Battery Energy Storage System is a fundamental technology in the renewable energy industry. The system consists of a giant enclosure containing many batteries that are intended to store electricity that can be used at a later time. The battery of choice may vary; but industry standard uses Lithium-Iron Phosphate (LiFePo4) batteries. We dedicated a specific blog comparing the top two most used batteries in a BESS.

Battery Energy Storage Systems (BESSs) are a subset of Energy Storage Systems (ESSs). Examples of other subsets include hydro, air storage, and flywheels. Each system has their own pros and cons, however, energy storage is by far the most popular sub-set due to its many advantages.

Advantages of a Battery Energy Storage System

Battery Energy Storage Systems are by far the most widely used subset of energy storage, and for good reason. They offer multiple advantages in terms of capacity, charge and discharge rate, energy density, safety and overall cost.

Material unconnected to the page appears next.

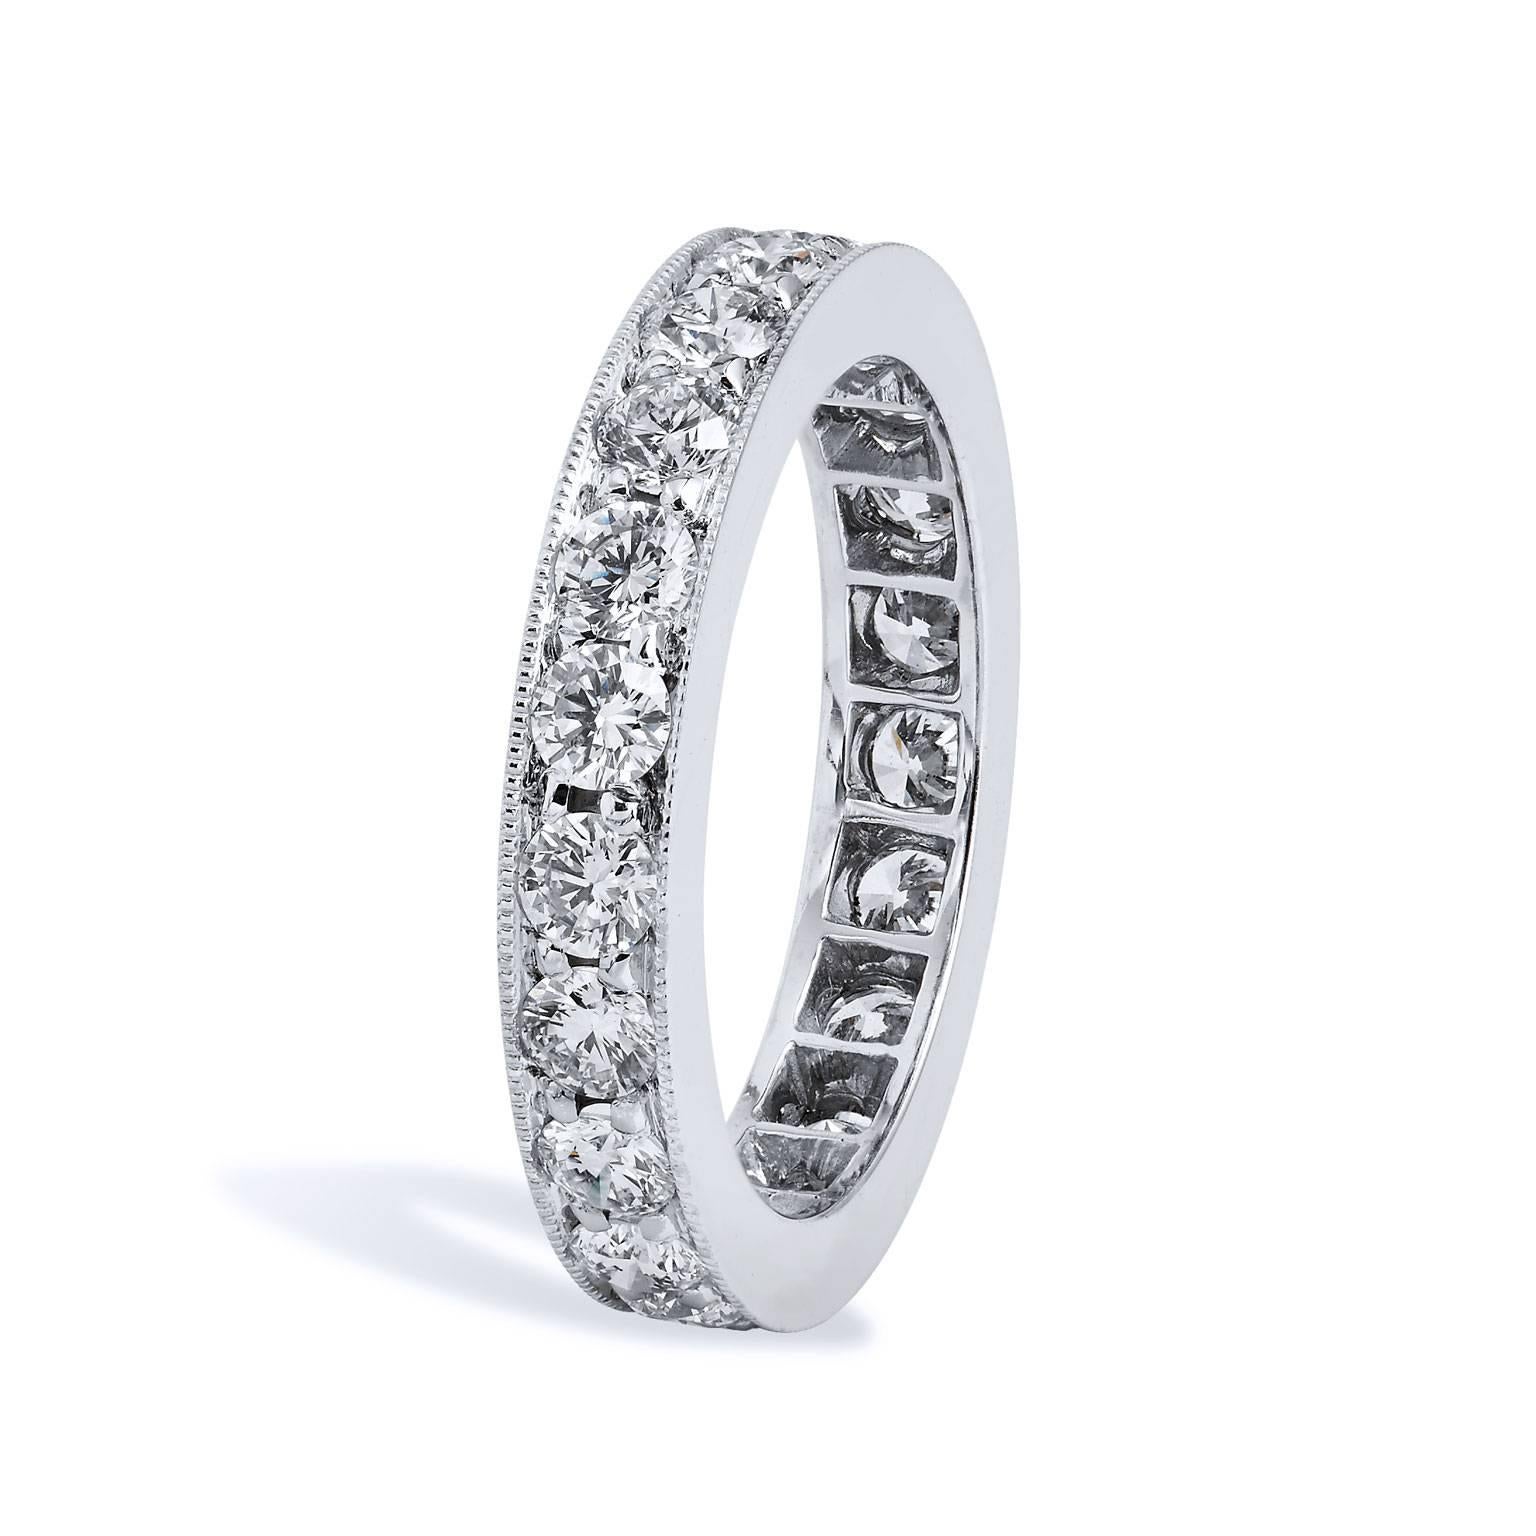 This handmade diamond band ring features twenty-one pieces of diamond pave set with a total weight of 1.70 carat (D/E/F/VS1). Affixed to a 3.60 millimeter 18 karat white gold band with milgrain work opens the eye, and allow the ring to pop with

In the last 20 years, lithium-ion battery technology has steadily decreased making BESS a more viable option compared to previous years. In addition to the influx of government initiatives and rebates, the payback period for BESS has made it affordable for residential and commercial businesses to invest in. 

Capacity & Density

Lithium-Iron Phosphate batteries are the best chemistry for BESS due to its high energy capacity and small space. Paired with TROES’ proprietary battery technology, this allows us to develop highly modular systems with long lifecycles in a small form factor enclosure.

Charge & Discharge Rate

Another advantage of LFP technology is the charge and discharge rate, meaning it can charge and discharge faster or slower compared to other chemistries. This makes it ideal for projects that require large amounts of energy at one time.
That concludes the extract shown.